Institute of Information Science, Academia Sinica, Nankang, Taipei 11529, Taiwan.
Institute of Information Science, Academia Sinica, Nankang, Taipei 11529, Taiwan.
J Proteomics. 2021 Jan 16;231:104021. doi: 10.1016/j.jprot.2020.104021. Epub 2020 Oct 24.
Concatenated target-decoy database searches are commonly used in proteogenomic research for variant peptide identification. Currently, protein-based and peptide-based sequence databases are applied to store variant sequences for database searches. The protein-based database records a full-length wild-type protein sequence but using the given variant events to replace the original amino acids, whereas the peptide-based database retains only the in silico digested peptides containing the variants. However, the performance of applying various decoy generation methods on the peptide-based variant sequence database is still unclear, compared to the protein-based database. In this paper, we conduct a thorough comparison on target-decoy databases constructed by the above two types of databases coupled with various decoy generation methods for proteogenomic analyses. The results show that for the protein-based variant sequence database, using the reverse or the pseudo reverse method achieves similar performance for variant peptide identification. Furthermore, for the peptide-based database, the pseudo reverse method is more suitable than the widely used reverse method, as shown by identifying 6% more variant PSMs in a HEK293 cell line data set. SIGNIFICANCE: In our survey of publications on proteogenomic studies, 57% of the studies adopt the peptide-based variant sequence database coupled with the reverse method for decoy generation to construct a target-decoy database for searches. However, our results show that when using the peptide-based variant sequence database, it is better to adopt the pseudo reverse method for generating decoy sequences, to avoid leading to fewer variant peptides being identified.

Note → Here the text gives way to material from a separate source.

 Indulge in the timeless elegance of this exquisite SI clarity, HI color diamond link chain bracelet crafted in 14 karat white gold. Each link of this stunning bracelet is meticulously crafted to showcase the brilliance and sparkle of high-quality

串联靶标-诱饵数据库搜索常用于蛋白质基因组学研究中的变体肽鉴定。目前,基于蛋白质和基于肽的序列数据库被应用于存储变体序列以进行数据库搜索。基于蛋白质的数据库记录了全长野生型蛋白质序列,但使用给定的变体事件来替换原始氨基酸,而基于肽的数据库仅保留包含变体的虚拟消化肽。然而,与基于蛋白质的数据库相比,各种诱饵生成方法在基于肽的变体序列数据库上的性能仍不清楚。在本文中,我们对由上述两种类型的数据库与各种诱饵生成方法构建的靶标-诱饵数据库进行了彻底的比较,用于蛋白质基因组学分析。结果表明,对于基于蛋白质的变体序列数据库,使用反向或伪反向方法对变体肽鉴定具有相似的性能。此外,对于基于肽的数据库,伪反向方法比广泛使用的反向方法更适合,因为在 HEK293 细胞系数据集上鉴定出的变体 PSM 多了 6%。意义:在我们对蛋白质基因组学研究出版物的调查中,57%的研究采用基于肽的变体序列数据库与反向方法相结合的方法来构建靶标-诱饵数据库进行搜索。然而,我们的结果表明,当使用基于肽的变体序列数据库时,最好采用伪反向方法来生成诱饵序列,以避免导致更少的变体肽被鉴定出来。